## WORK TO BE COMPLETED
Word for word, copy the lines beginning at the one with "There is firm" and ending at the last line below; pictures stay out.

## DATA EXTRACT

========

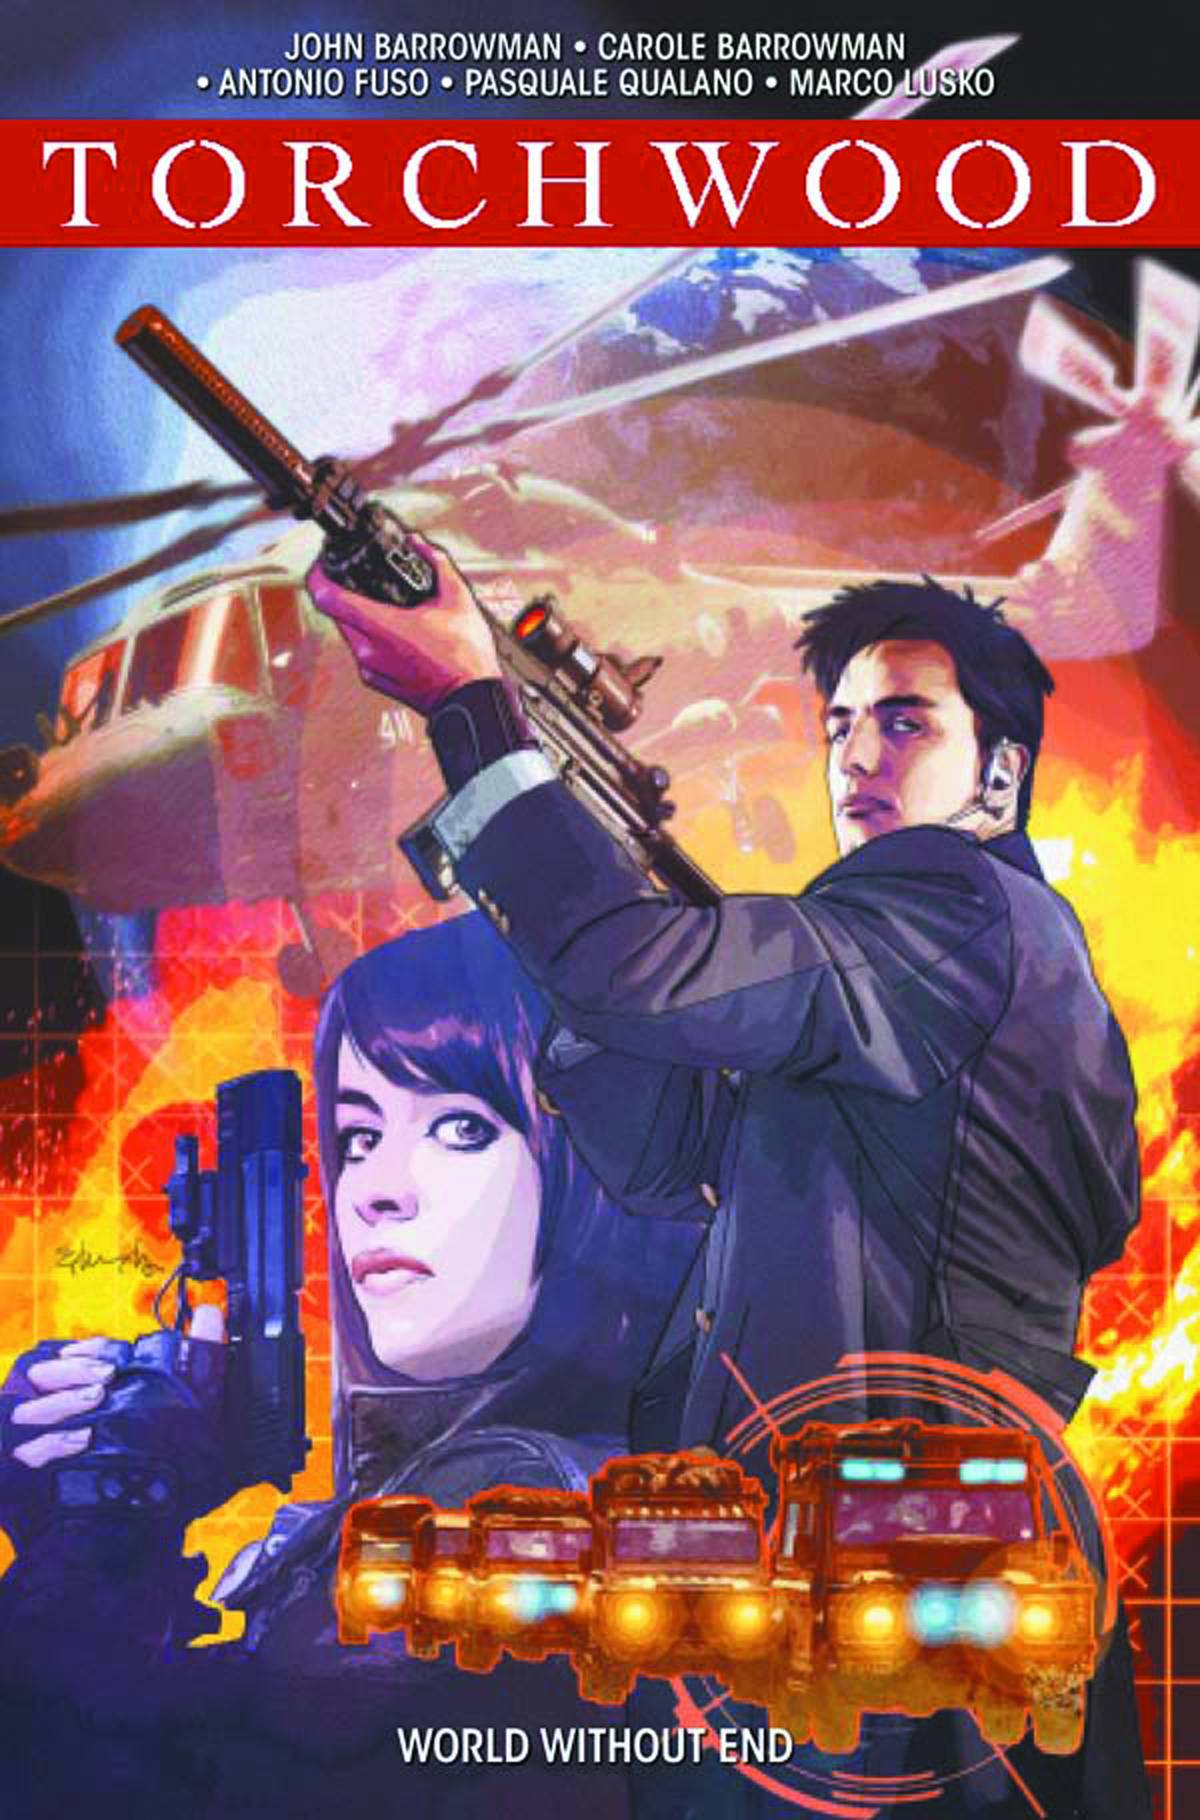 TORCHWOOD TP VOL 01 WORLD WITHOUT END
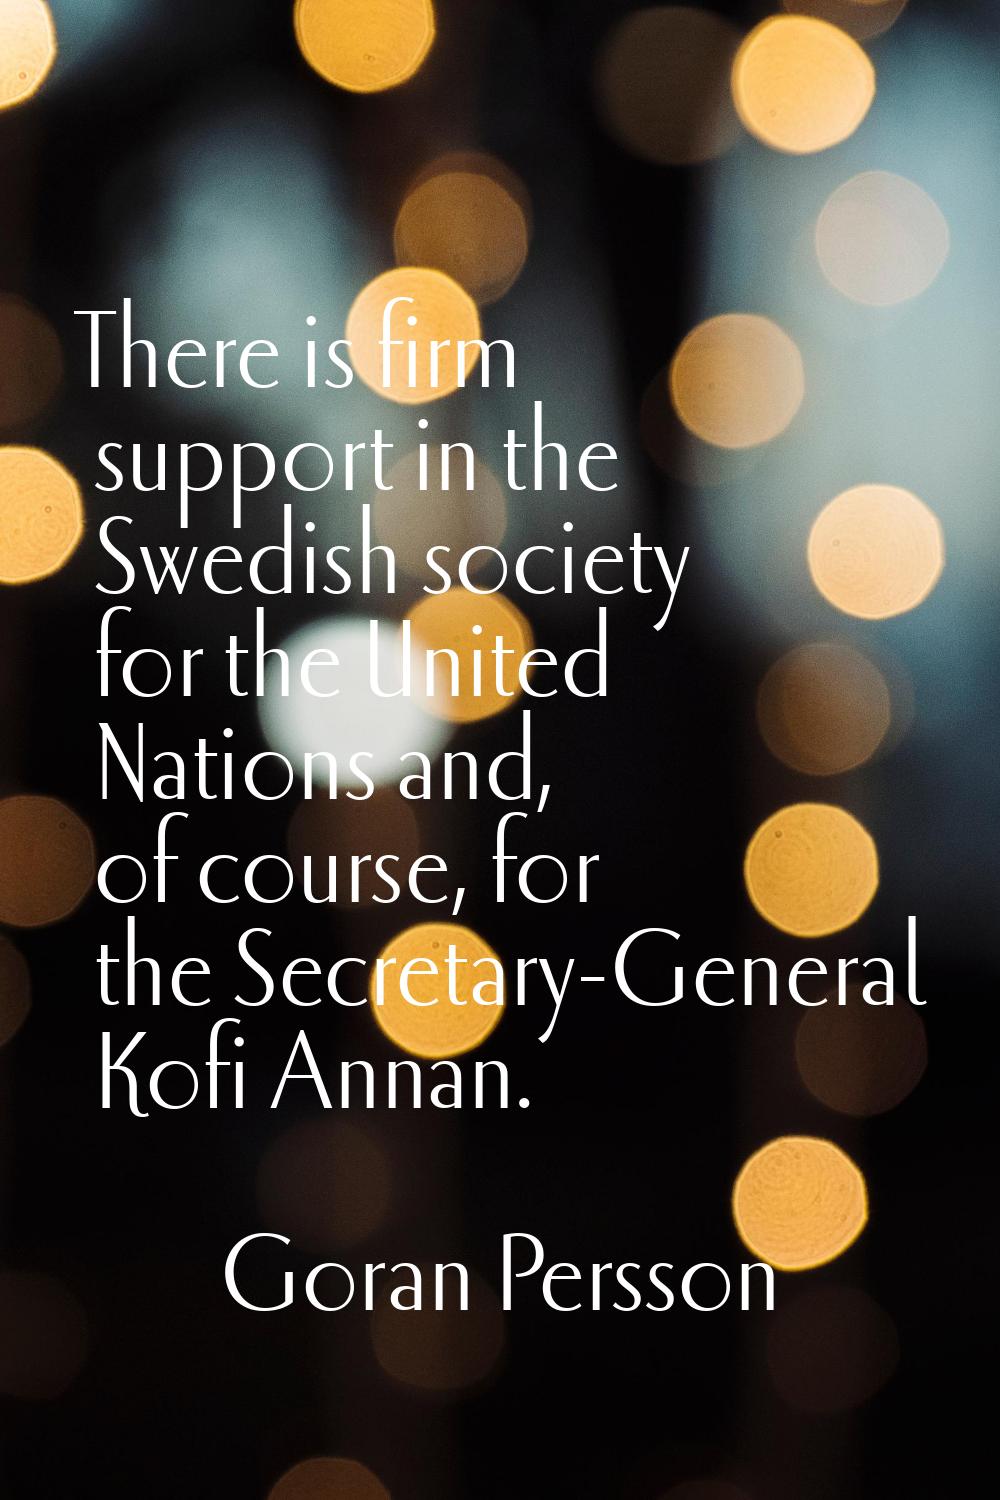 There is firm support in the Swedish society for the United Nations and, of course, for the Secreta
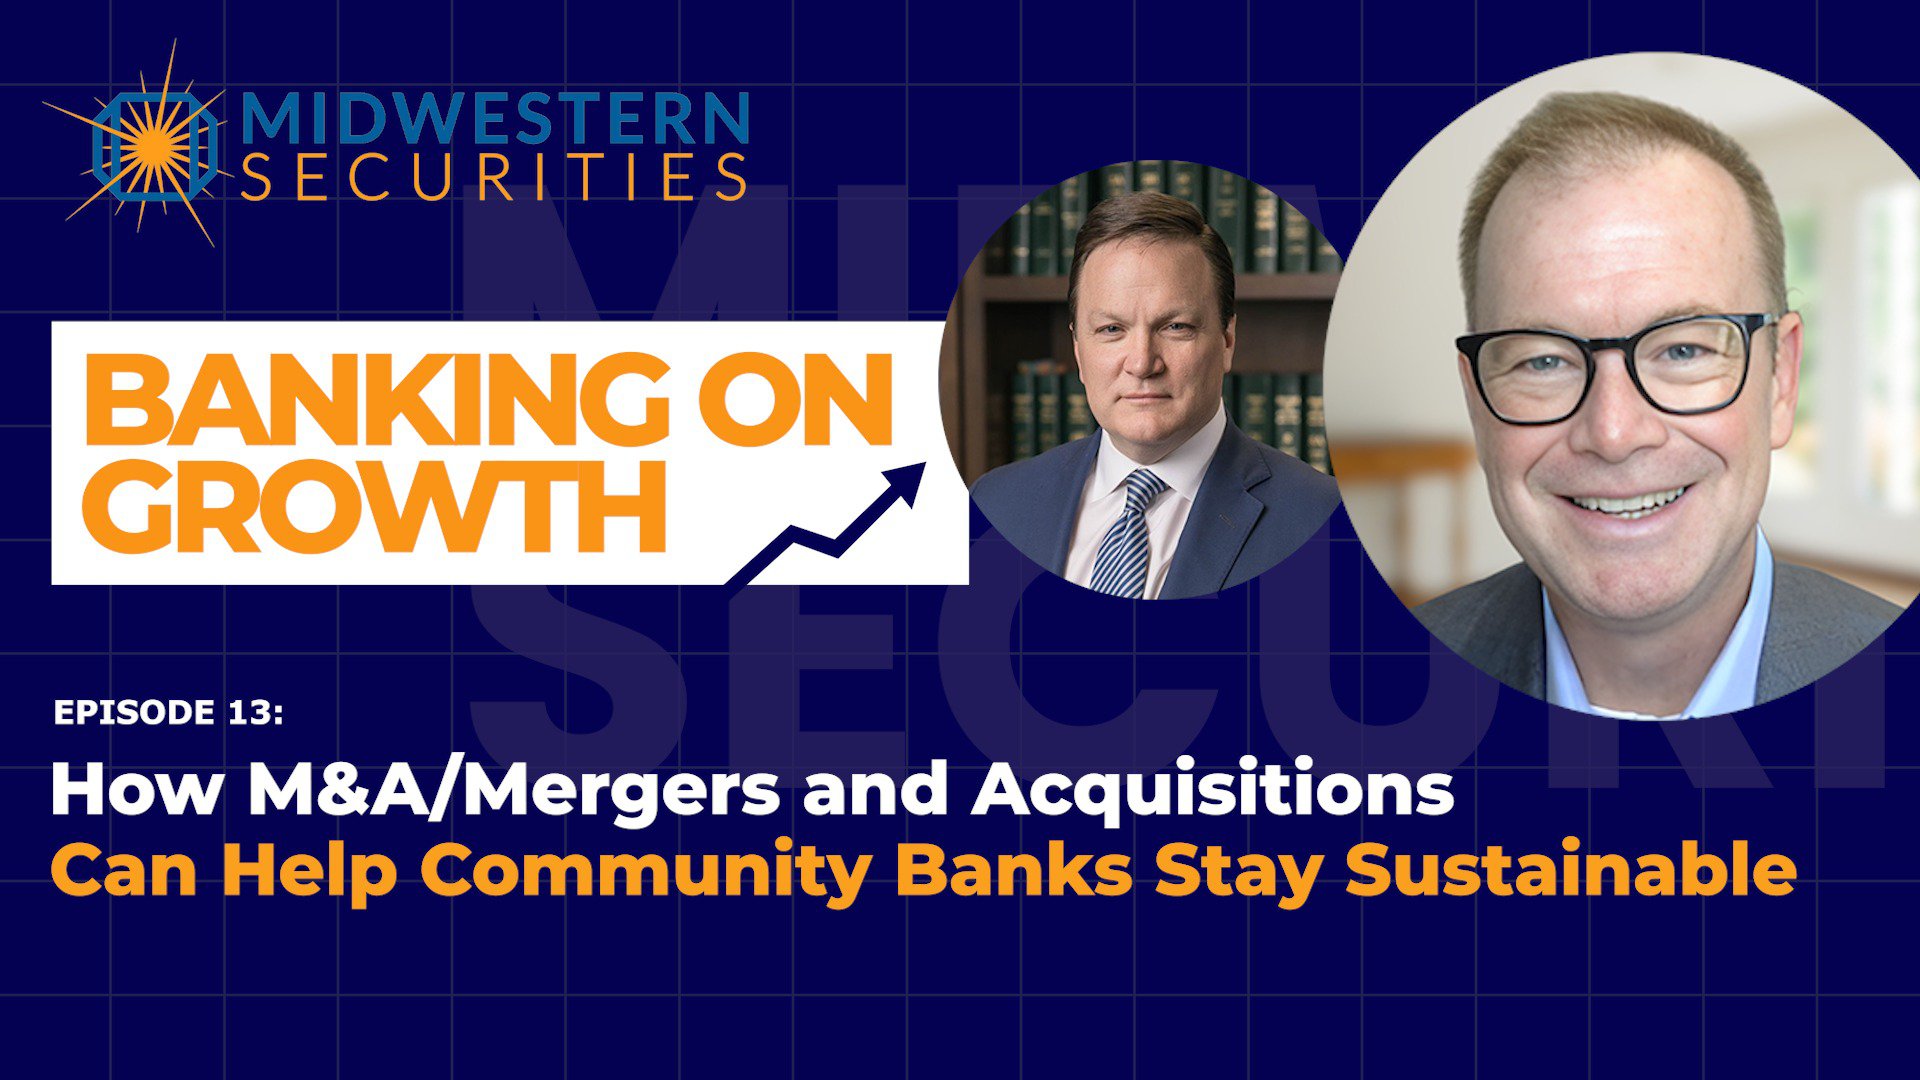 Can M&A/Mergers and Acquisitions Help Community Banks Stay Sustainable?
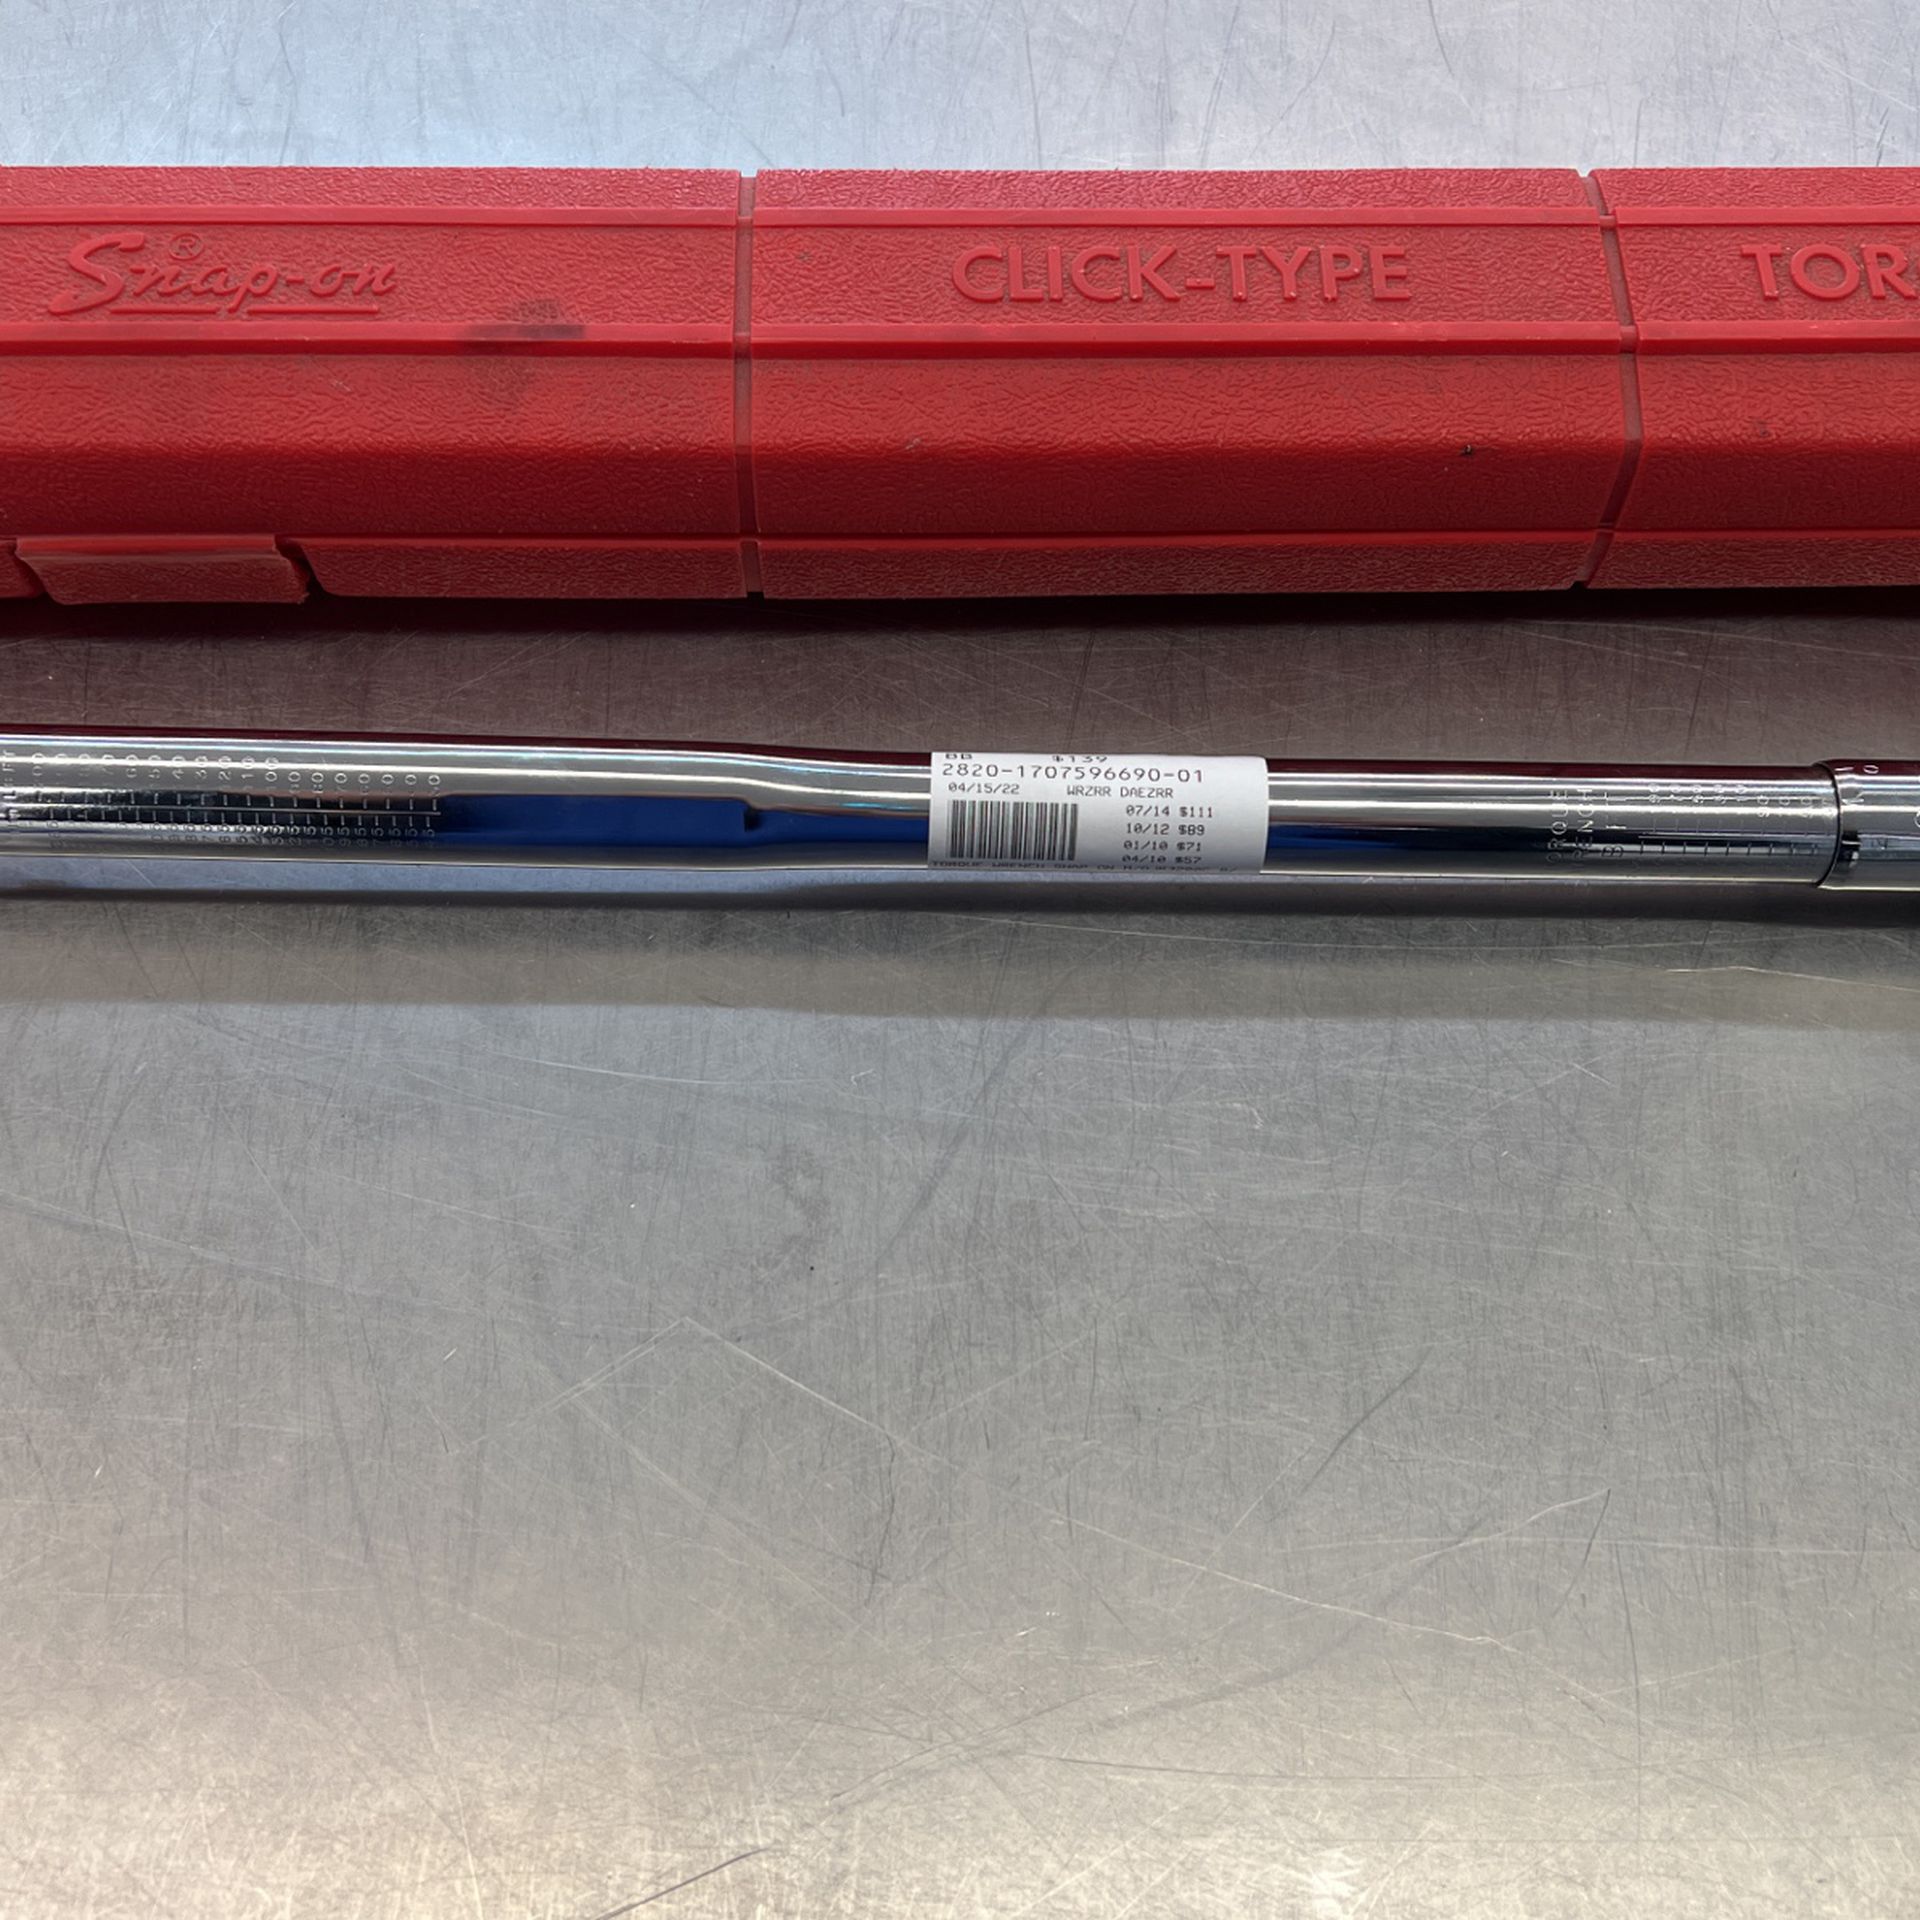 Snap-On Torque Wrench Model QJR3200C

========

## WRITTEN SOLUTION
 There is firm support in the Swedish society for the United Nations and, of course, for the Secreta
 Can M&A/Mergers and Acquisitions Help Community Banks Stay Sustainable?
 Snap-On Torque Wrench Model QJR3200C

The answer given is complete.